September 29, 2016 09:46 IST

In the wake of deteriorating ties with Pakistan, the United States on Thursday asked India not to escalate the situation.

According to a report by the Indian Express, US Secretary of State John Kerry has had “two conversations” over the “last two days” with External Affairs Minister Sushma Swaraj on this issue, even as India explores a range of diplomatic options to isolate Islamabad.

It is also reported that US Security Advisor Susan Rice called her Indian counterpart Ajit Doval and condemned the Uri terrorist attack saying the White House expects Pakistan to take “effective action to combat and delegitimise” United Nations-designated terrorist groups.

The conversations between Kerry and Swaraj took place even as India looks into reviewing the Indus Waters Treaty, and review Most Favoured Nation status to Pakistan.

The Indian Express report citing sources said that Washington was appreciative that the Indian side has acted with a “lot of restraint” following the Uri attack.
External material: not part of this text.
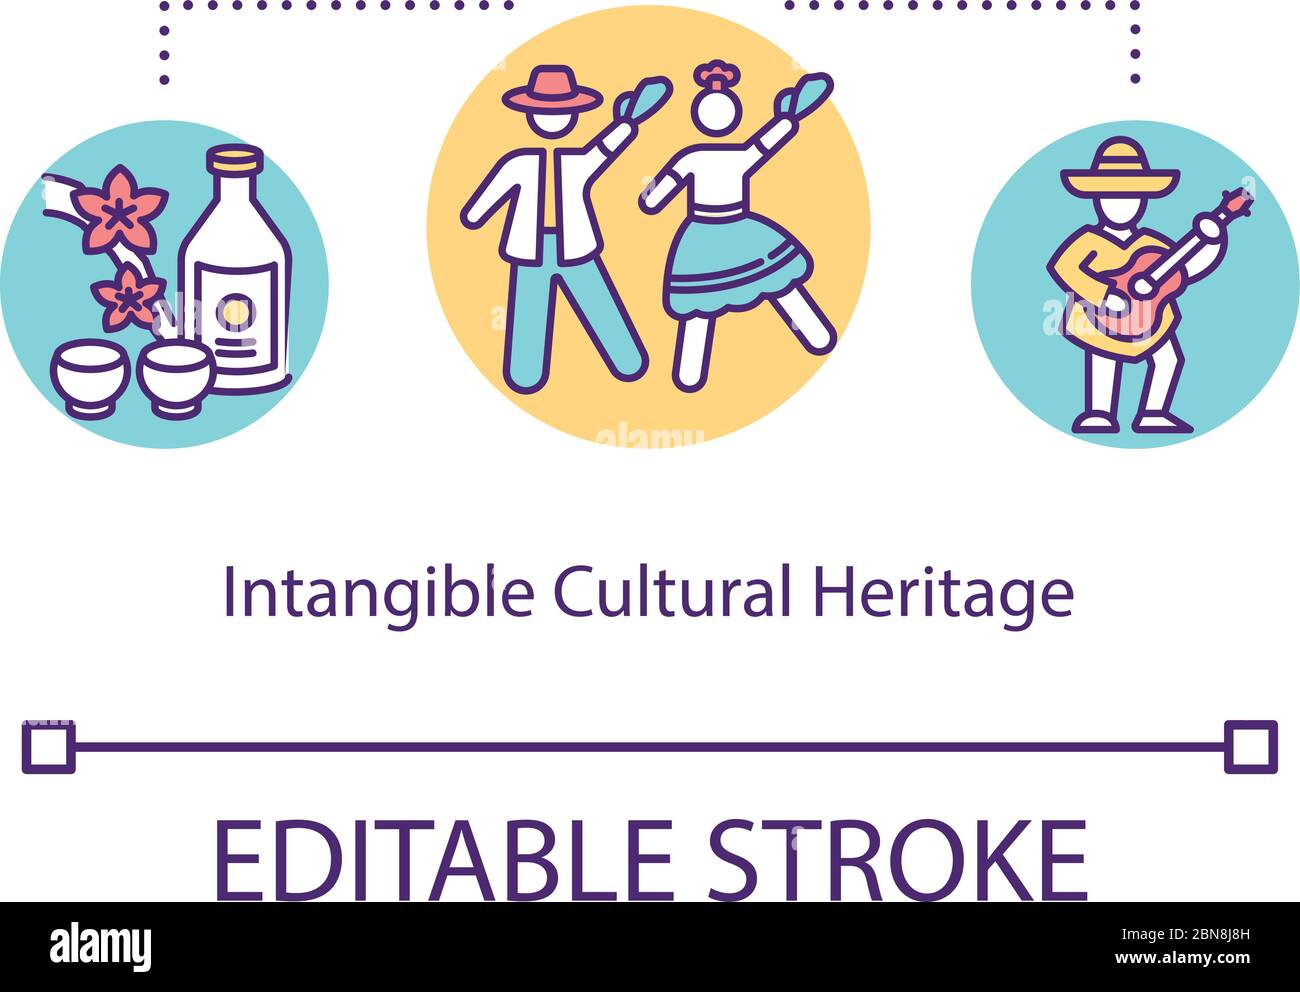 Intangible cultural heritage concept icon Stock Vector

After Pakistan Prime Minister Nawaz Sharif met Kerry last week, US State Department Deputy Spokesperson Mark Toner said: “We’ve seen some progress; we want to see more, and I think moving forward we’ll just continue to work closely and try to encourage greater counter-terrorism cooperation with Pakistan but also within the region.”

State Department Spokesperson John Kirby stated later that Kerry “reiterated the need for Pakistan to prevent all terrorists from using Pakistani territory as safe havens, while commending recent efforts by Pakistani security forces to counter extremist violence.”